Air conditioning – how does it work and how much does it cost?

Temperatures are on the rise and June 2023, according to the Met Office, was the UK’s hottest on record for the UK. This means that many of us are more likely to get in the car and turn on the air conditioning to make our journeys a bit more comfortable.

But how does air conditioning work and how do you keep your system it in tip-top condition? If it currently isn’t very effective, how much does it cost to get it fixed? Read on to find out more!

How air conditioning works

There are a number of parts to an air conditioning system including a compressor, condenser, receive/dryer, expansion valve and evaporator.

Air conditioning in your car works by using a compressor to compress refrigerant gas, which as its compressed gets up to around 80 - 85°C. This hot, high-pressure gas is then passed to a condenser, and air from outside of the vehicle passes around this gas within coils in the condenser which reduces its temperature very quickly, and as a result turns the gas into a liquid.

This high-pressure liquid then moves to a receiver/dyer which helps to filter out any debris and impurities that the liquid may have picked up while travelling through the condenser.

The liquid is then passed through an expansion valve to become low-pressure, and moves on to the evaporator which is located in the interior of the vehicle. As the name suggests, this part of the process evaporates the now low-pressure liquid very quickly (turning it back into a gas), and during this cooling process, air is blown over the cold evaporator coils as it enters inside the vehicle, which is the cold air that we feel. The cooled, low-pressure gas then re-enters the compressor where the process repeats.

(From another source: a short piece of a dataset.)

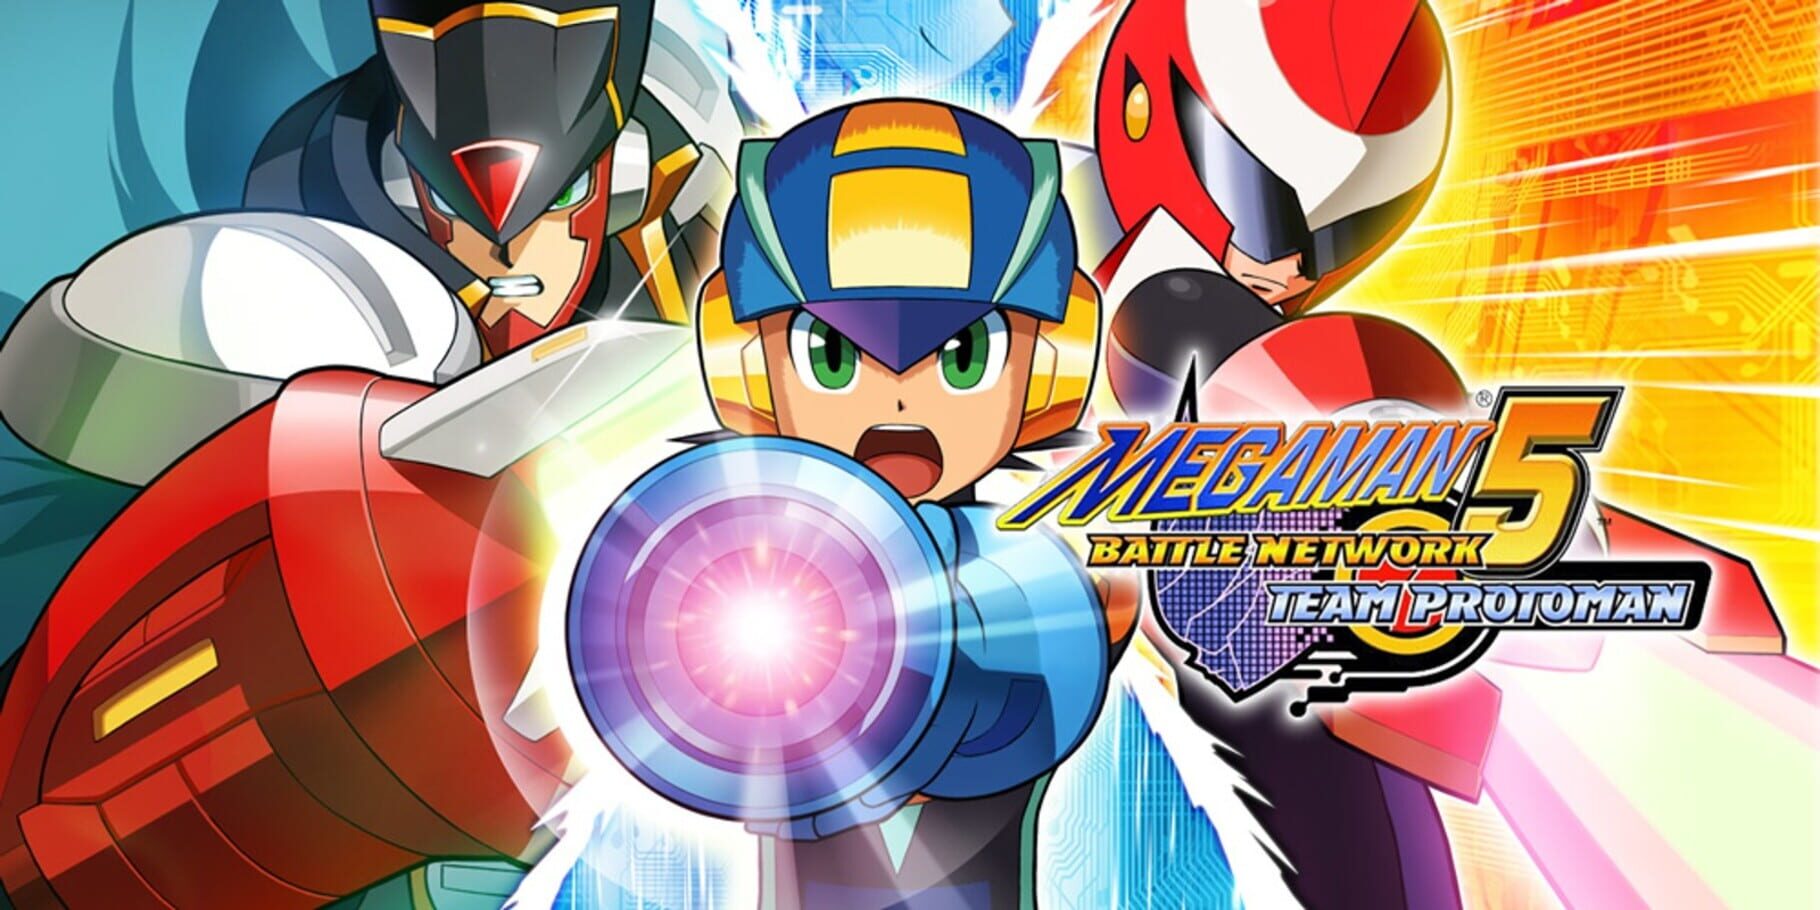 Arte - Mega Man Battle Network 5: Team Protoman

Air Conditioning - how it works and how much it costs

How much fuel does air conditioning use?

Using your air conditioning requires power from your engine, and it’s estimated that it uses 2-4hp, depending on the outside temperature. So using your air conditioning, because of the additional strain it puts on the engine to create the process outlined above, does eat a little into your fuel. How much fuel is used varies depending on how modern your vehicle is and how efficient the air conditioning process is, but a number of sources suggest using air con can increase fuel usage by up to 10%.

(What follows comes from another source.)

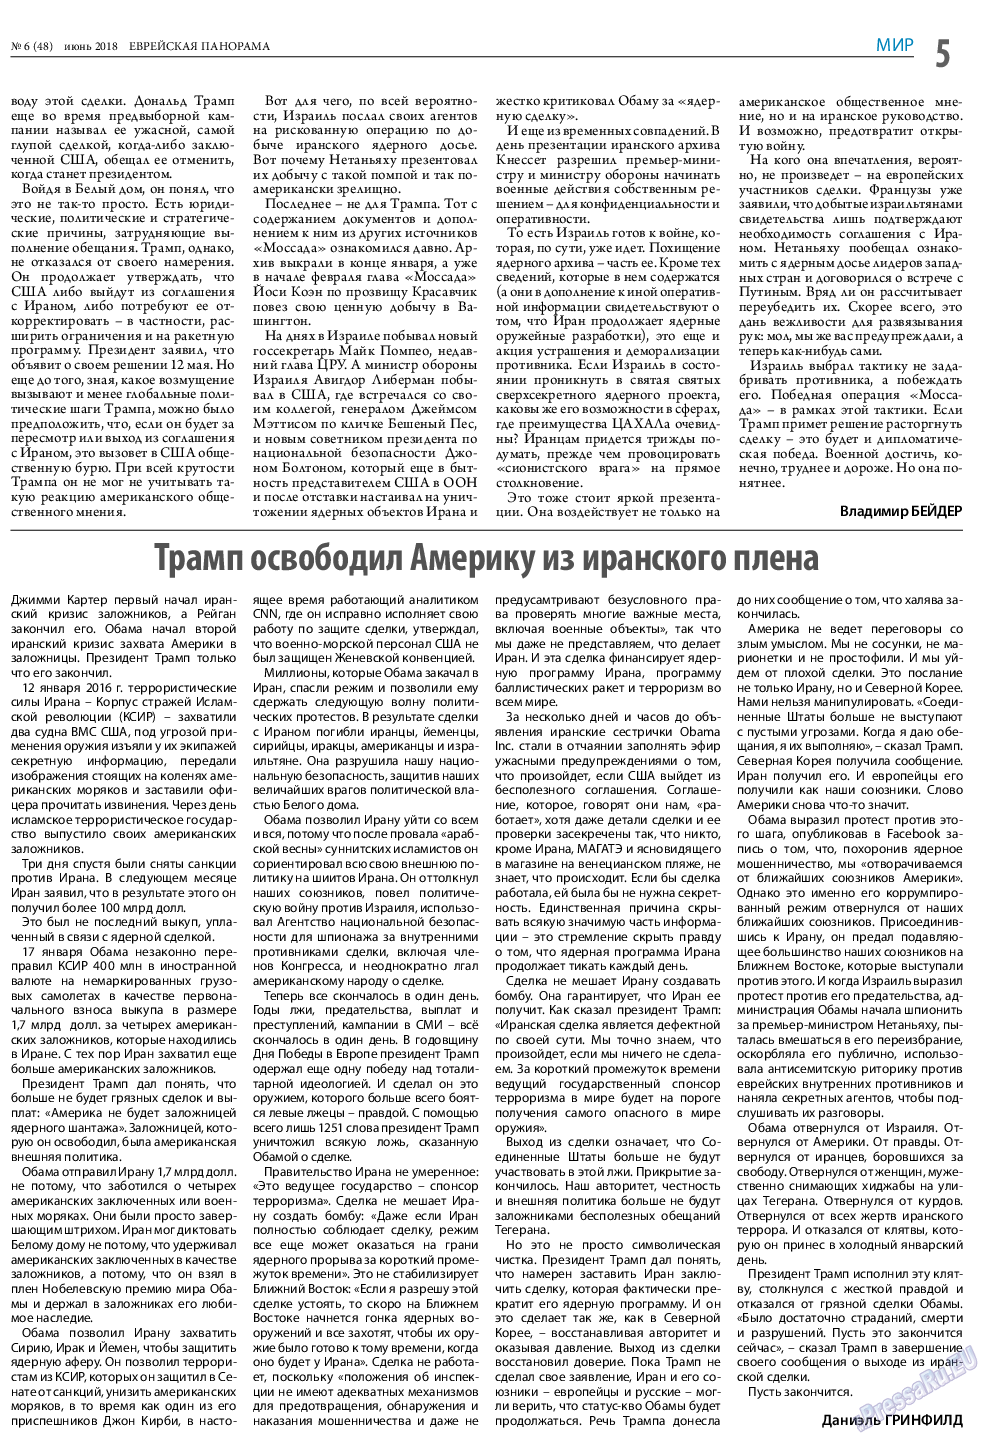 Еврейская панорама, газета. 2018 №6 стр.5

It’s also estimated that vehicles lose about 10% of the refrigerant gas each year just through natural leakage in the system, so the less gas available means the harder the air conditioning (and ultimately the engine) has to work to cool the inside of your car.

It’s recommended that your air con is regularly serviced by expert technicians, such as at our Bosch Car Service centre in Braintree, Essex, which will help ensure your system runs as efficiently as possible, saving you from using unnecessary fuel.

Using air conditioning all year round

Many of us associate putting the air conditioning on during the spring/summer months to cool the inside of the vehicle, and most then won’t switch the air con back on until the same time the following year. However, it’s recommended that you actually use your air conditioning at regular intervals throughout the year to keep your system in good shape.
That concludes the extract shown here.